Summary: Templeton Peck does some reflecting prior to meeting Hannibal Smith.

Prolog

By Anne Higgins (annehiggins@mindspring.com)



The name on my enlistment papers is Templeton Peck. I can't remember a time when I had a different name, but it isn't the one I was given at birth. When I was small, I turned up on the steps of the orphanage. I guess I was John Doe for a time as I couldn't tell anyone my real name. I've been told it was probably a mental block brought on by the shock of my mother abandoning me. I guess that's as reasonable an explanation as any. In any case, at about the same time the experts gave up on prying my real name out of me, I got tired of not having a name and dubbed myself Templeton Peck. The uniqueness and length of the first name amused the orphanage staff enough they filled out the appropriate paperwork.

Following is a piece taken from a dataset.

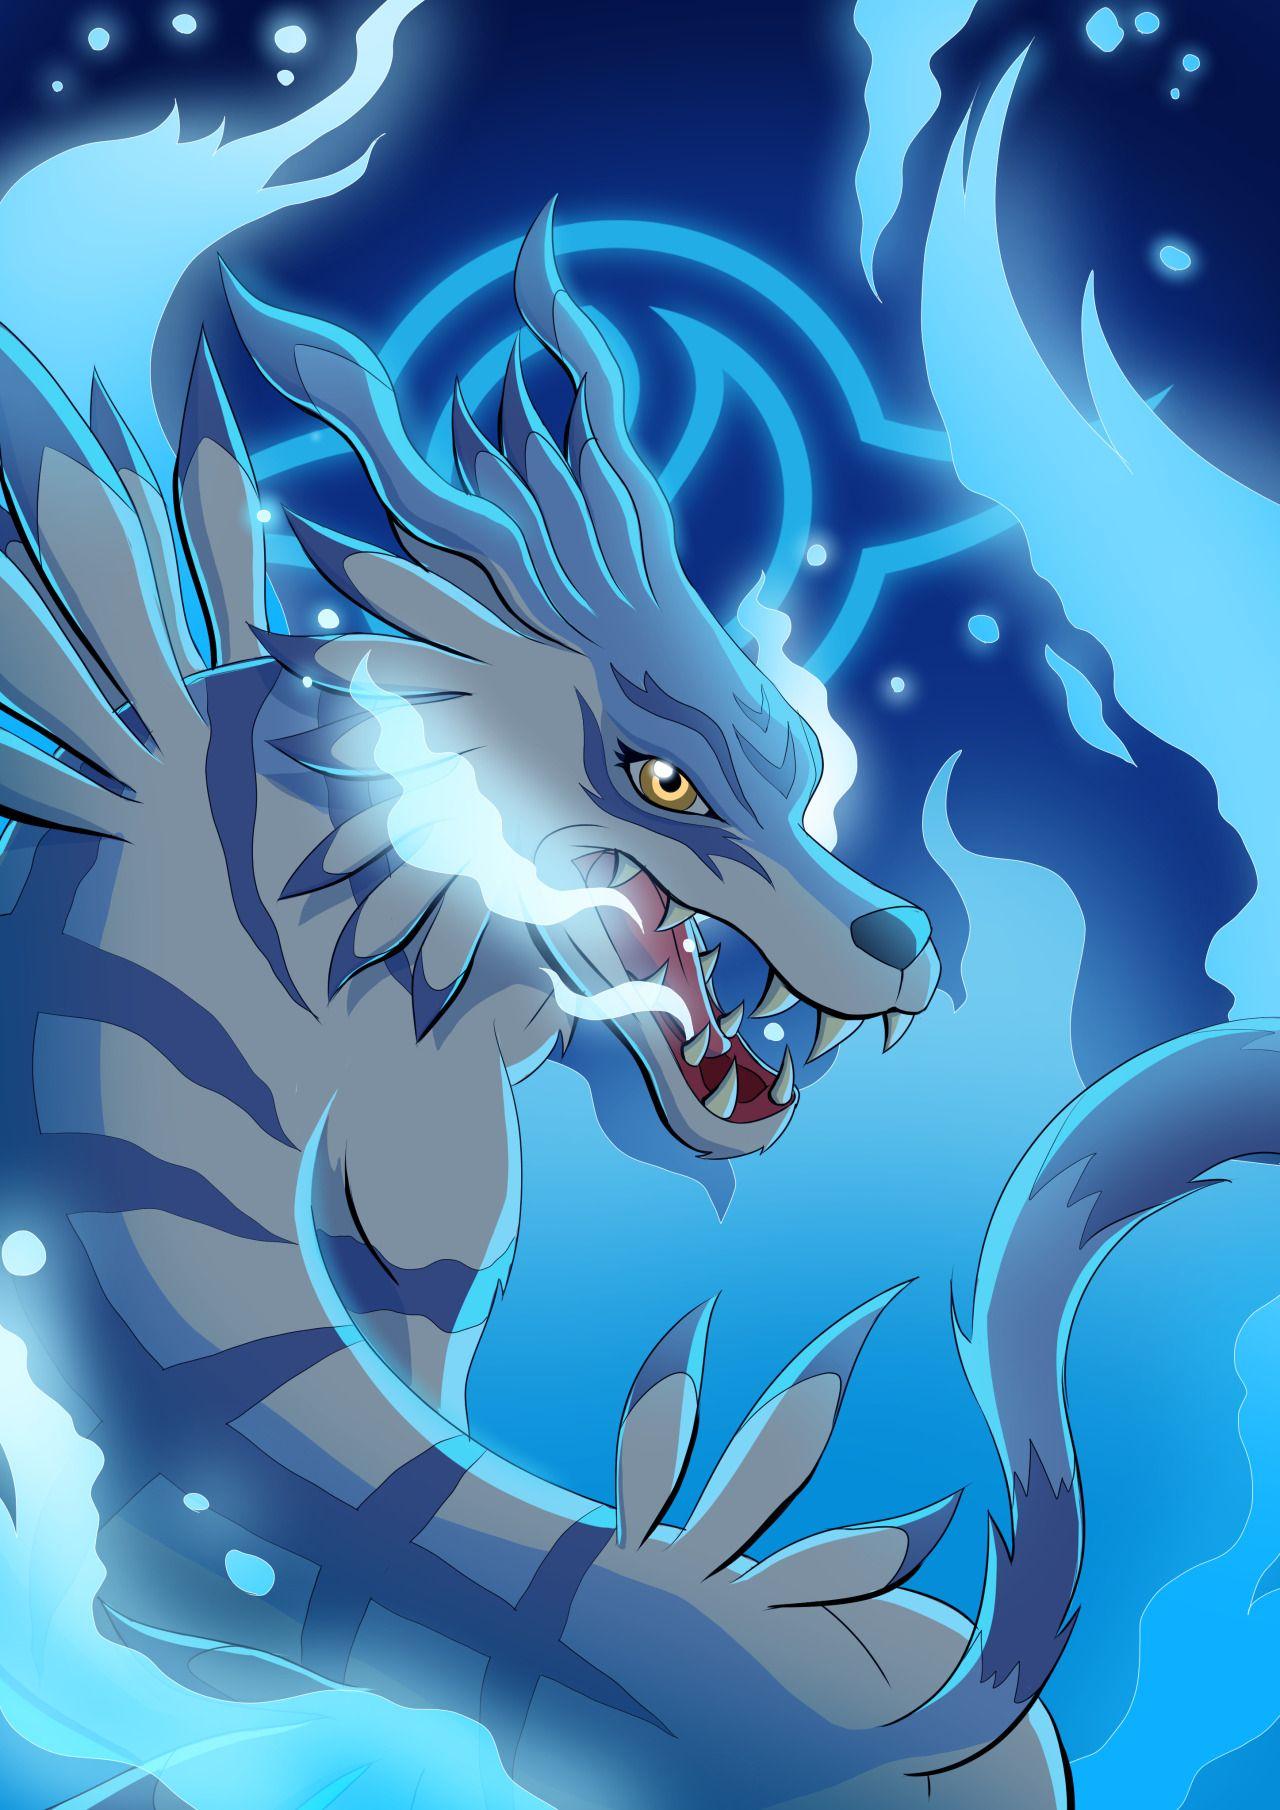 Wargreymon Wallpaper 3d Garurumon Digimon Adventure Digimon Wallpaper Digimon

Every once in awhile I do wonder what my real name was, but more often than not, I wonder who I am. I've been running scams and faking personalities as long as I can remember. I'm not certain who I am underneath it all. I'm even less certain I'd like the answer. Whoever I was, my own parents didn't like me enough to stick around. Some part of that unworthy child remains inside me, and I'm always afraid of what he'll cost me next.

Maybe that's why when I dream of my life, I don't look like me. In my dreams, I'm taller, broader in the shoulder and my hair is dark. I don't make mistakes and everyone thinks I'm wonderful. I gave myself my name, but Templeton is the dark-haired guy. I'm ... Tem. Way I have it figured at least a small part of me must be in Templeton -- it is my life he keeps revising after all -- so I use the nickname. Tem who hopes to one day be Templeton.

Hey, I'm not blind. I know I'm good looking -- oddly enough, far better looking than Templeton. But he has the personality. Me, I spend most of my waking hours trying to make the inside as attractive as the outside. I guess I don't do a good job of it. No one ever adopted me, no one ever really loved me. I thought Leslie might, but she didn't. Somehow I ended up enlisting to ease the pain. The modern version of running off to join the Foreign Legion. I guess.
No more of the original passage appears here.